Create the FileChooser and SamSort blocks.

FCB = FileChooser(which("ex1.sam"));
SSB = SamSort;

Add blocks to the pipeline and connect them.

addBlock(P,[FCB,SSB]);
connect(P,FCB,SSB,["Files","SAMFile"]);

Run the pipeline.

run(P);

The outputs of the FileChooser and SamSort blocks are files that are saved to your file system.

fcbResults = results(P,FCB)
fcbResults = struct with fields:
    Files: [1×1 bioinfo.pipeline.datatype.File]

ssbResults = results(P,SSB)
ssbResults = struct with fields:
    SortedSAMFile: [1×1 bioinfo.pipeline.datatype.File]

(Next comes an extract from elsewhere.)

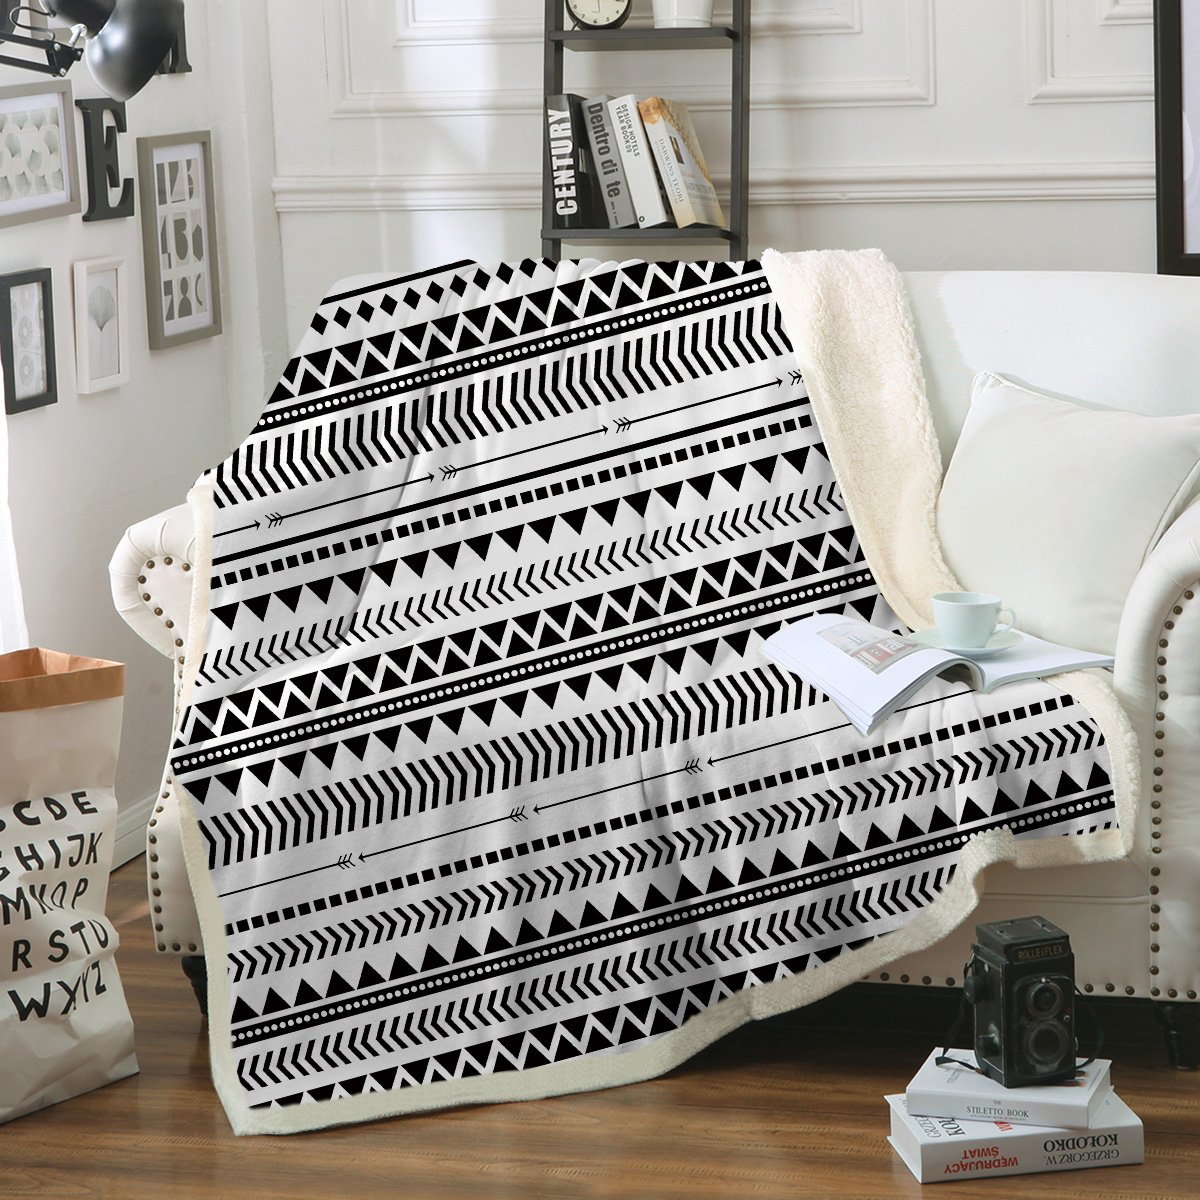 Groovy Sleepwish Aztec Throw Blanket Black White Triangle Blanket Tribal Geometric Fleece Sherpa Throw Blanket For Couch Bed Sofa 60 X 80 Inch Creativecarmelina Interior Chair Design Creativecarmelinacom

Tip: Use the unwrap method to see the location of the output file. For example, unwrap(ssbResults.SortedSAMFiles) shows the location of the sorted SAM file.

Import the pipeline and block objects needed for the example.

import bioinfo.pipeline.Pipeline
import bioinfo.pipeline.blocks.*

Create a pipeline.

P = Pipeline;

A FileChooser block can take in a URL of a remote file as an input and download the file to make it available for the downstream blocks. Download the file Homo_sapiens.GRCh38.dna.chromosome.19.fa.gz that contains the human reference genome chromosome 19 in the FASTA format.

chr19url = "http://ftp.ensembl.org/pub/release-104/fasta/homo_sapiens/dna/Homo_sapiens.GRCh38.dna.chromosome.19.fa.gz";
fileChooserBlock1 = FileChooser(chr19url);

A UserFunction block to unzip the downloaded reference genome file using the gunzip function. When you create the block, you can specify the function to call and set the input and output port names that map to the input and output arguments of the corresponding function, respectively. In this example, name the input port as "ZippedFilenames" and the output port as "UnzippedFilenames"

gunzipUserFunctionBlock = UserFunction(@gunzip,RequiredArguments="ZippedFilenames",OutputArguments="UnzippedFilenames");

The reference genome file needs to be indexed in before reads can be aligned to it. To generate the indices, create a Bowtie2Build block.

bowtie2BuildBlock = Bowtie2Build;

Add the blocks.

addBlock(P,[fileChooserBlock1,gunzipUserFunctionBlock,bowtie2BuildBlock]);

Connect the output port named "Files" of fileChooserBlock1 to the input port named "ZippedFileNames" of gunzipUserFunctionBlock. Also connect the output "UnzippedFilenames" of gunzipUserFunctionBlock to the input "ReferenceFASTAFiles" of bowtie2BuildBlock.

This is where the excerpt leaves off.